壹:跟你齊齊拍《 Y2K》的余文樂和蔡卓妍都飛黃騰達了。
唐:他們發展得好,因為他們有目標。我沒有。
所以,看着他們,我連少少失落也沒有。
拍完《 Y2K》,我便回去做模特兒,不夠高行天橋,拍平面廣告又缺乏新鮮感,於是被安排去《四葉草》試鏡。《 Y2K》到《四葉草》,完全沒有進步過。當時, Twins已經大紅了。
我沒有危機感。長大過程中,沒有人教過我怎樣計劃,中五會考,我還在瞓覺,也沒有人糾正我。

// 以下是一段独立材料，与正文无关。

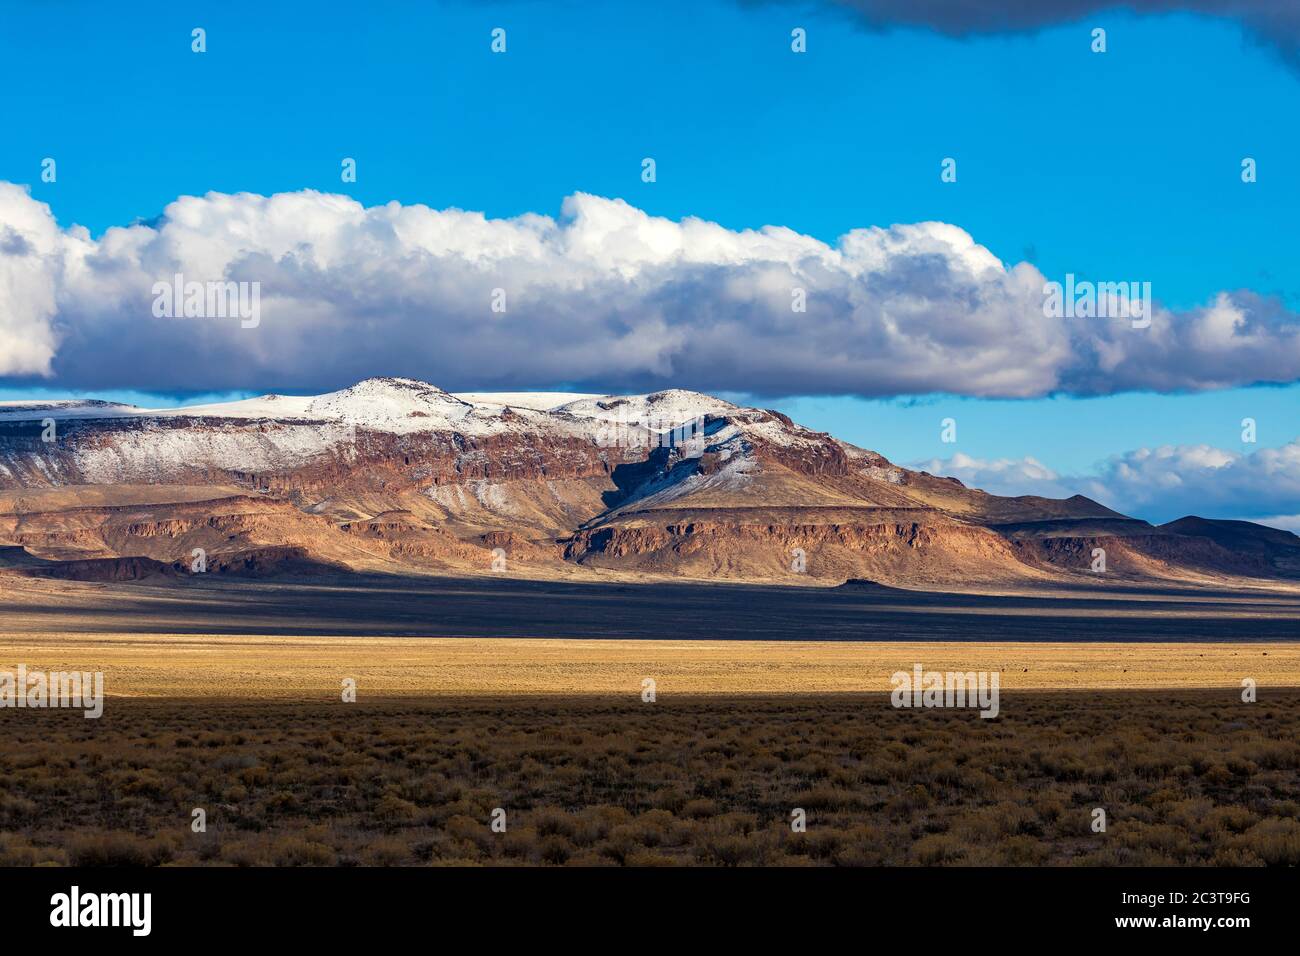 Questa è una vista della Palisade Mesa Wilderness Study Area in Nye County, Nevada, Stati Uniti con una spolverazione di neve. Foto Stock

現在,事業好似順境了,我才開始不想失去。因為,原來其他範疇的成就根本不能夠令我這麼實在。
壹:接近三十歲才頓悟,浪費太多時間了吧。
唐:我很記得剛入無綫,主持《 K-100》,我是有點抗拒。一年過後,竟然改善了發音、記稿能力、對鏡頭的靈敏度。在電視台,一切都靠累積分。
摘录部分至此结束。